---------- AVAILABLE DATA ----------

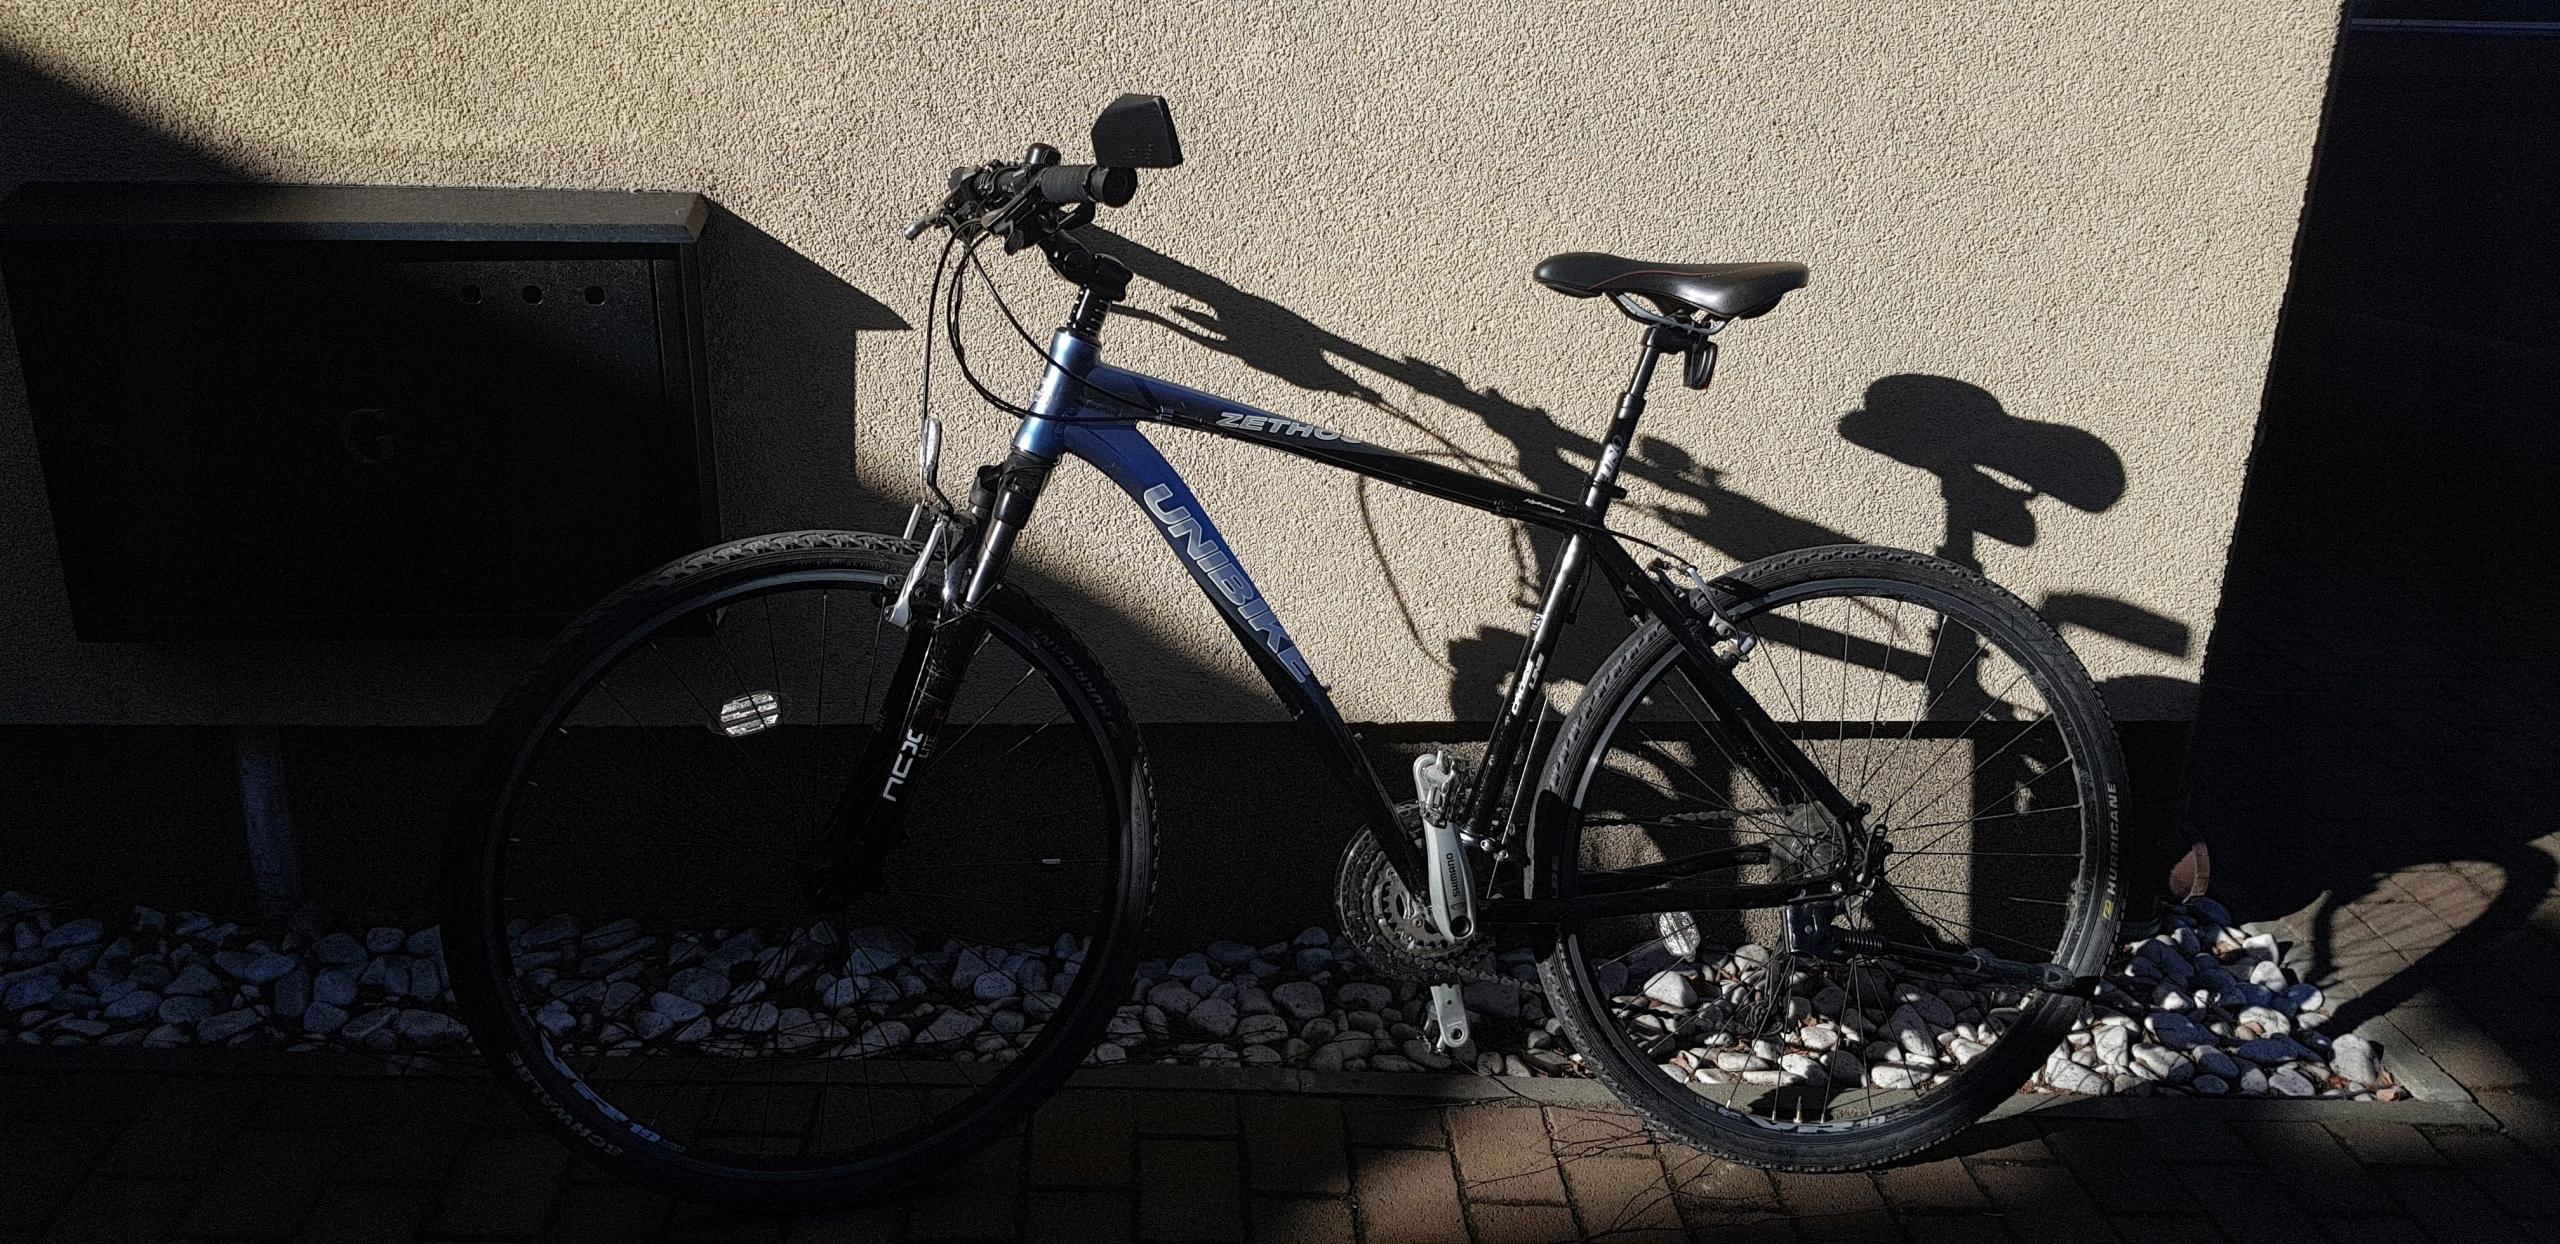 Rower Unibike Zethos 19 - Wrocław - Dobry Stan
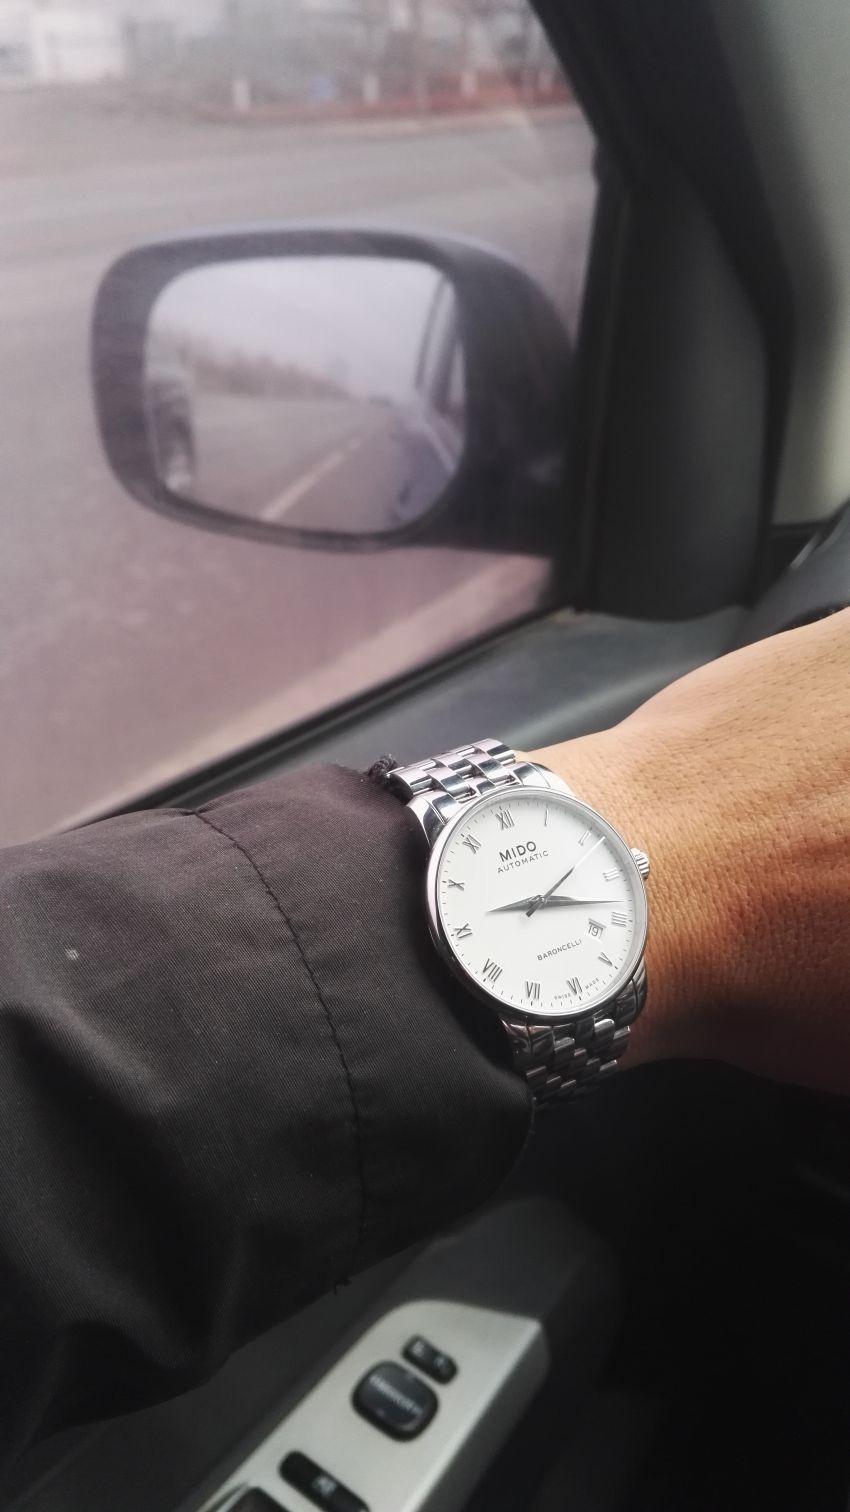 美度M8600.4.26.1手表【表友晒单作业】很大气的一...
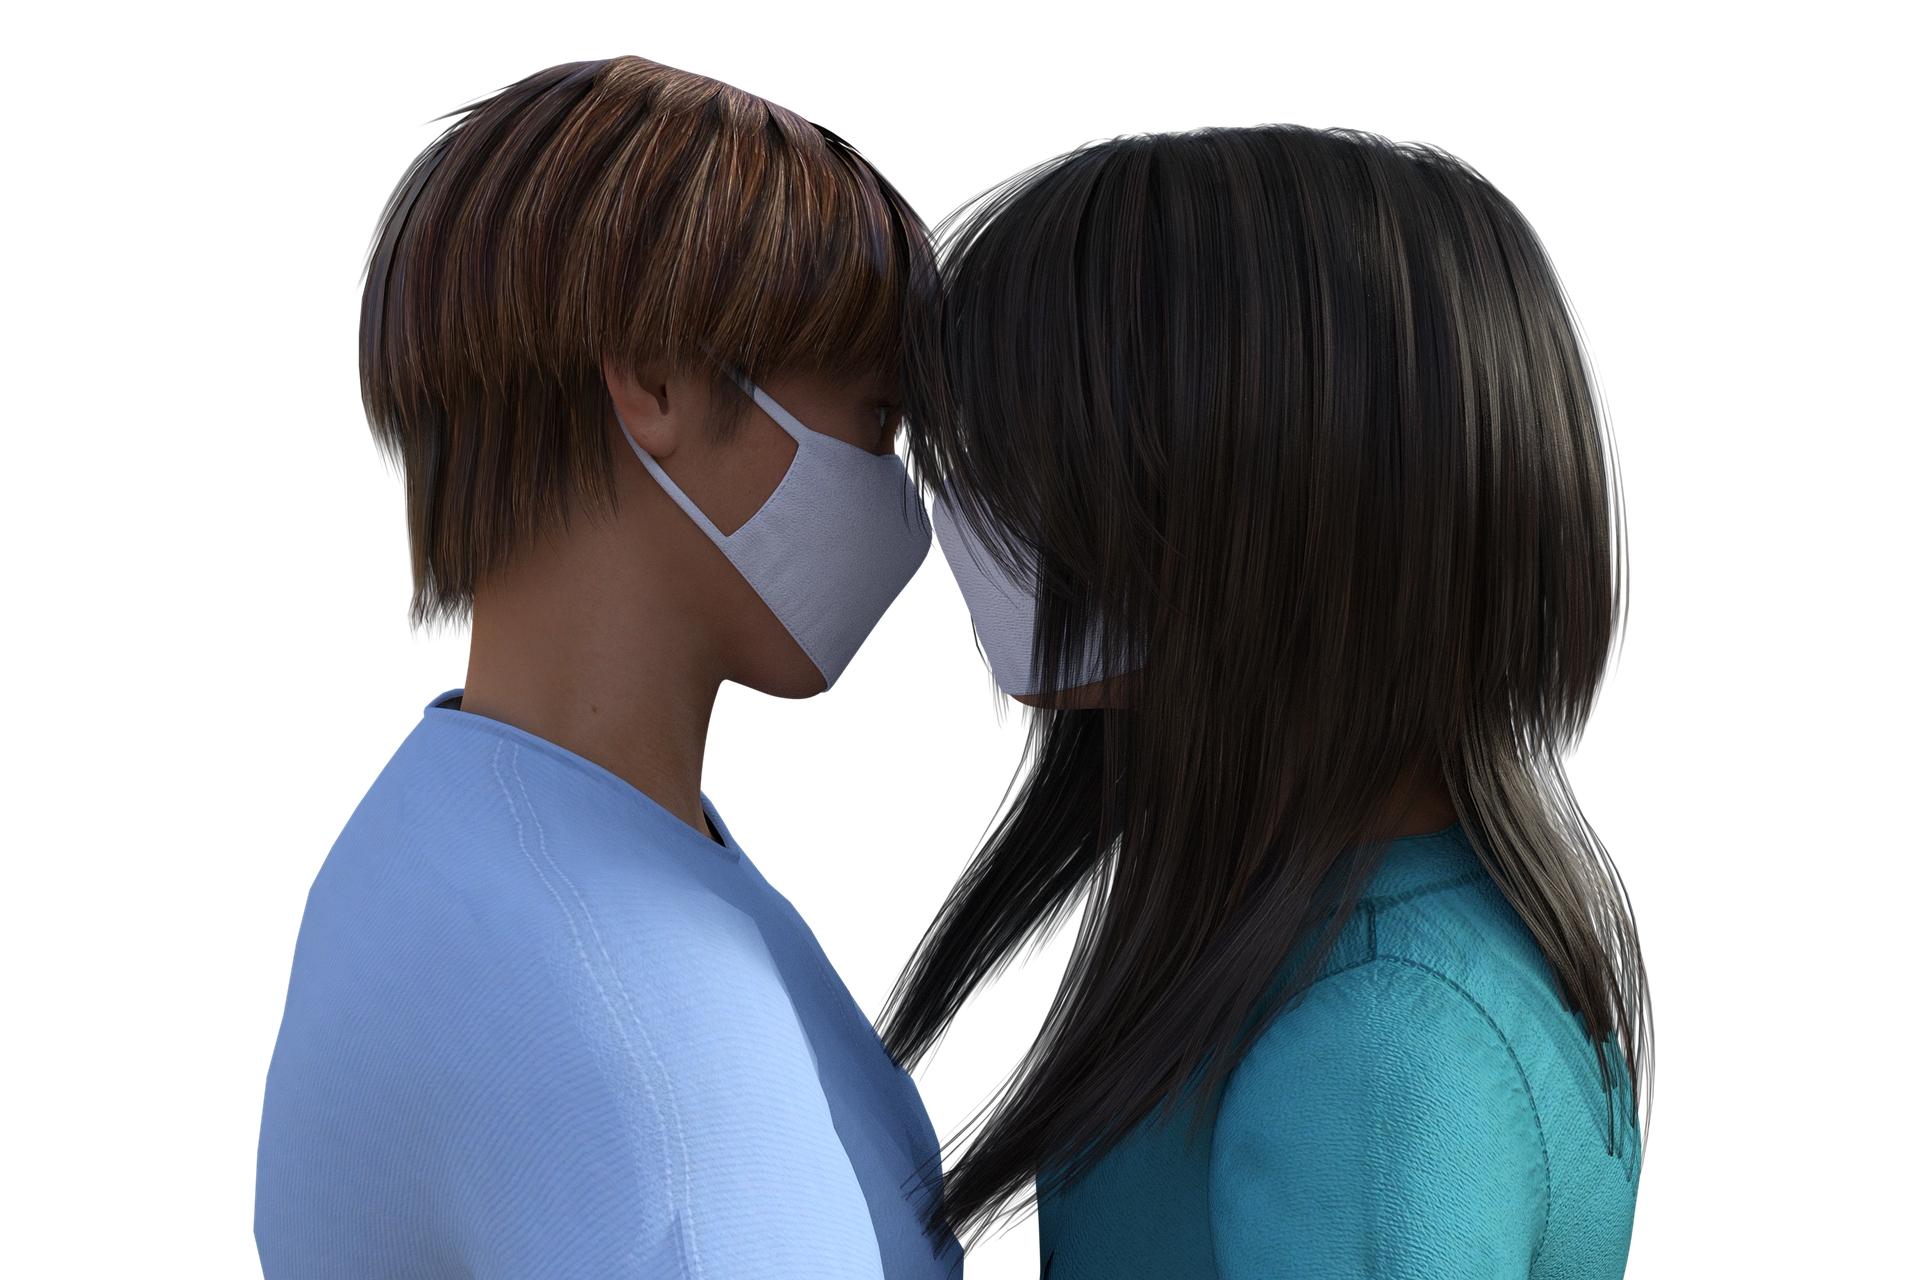 זוג במסיכות מתנשק 🖼️ TheDigitalArtist

----------

Reproduce the full material exactly, excluding the pictures.

**EXPECTED OUTPUT:**
 Rower Unibike Zethos 19 - Wrocław - Dobry Stan
 美度M8600.4.26.1手表【表友晒单作业】很大气的一...
 זוג במסיכות מתנשק 🖼️ TheDigitalArtist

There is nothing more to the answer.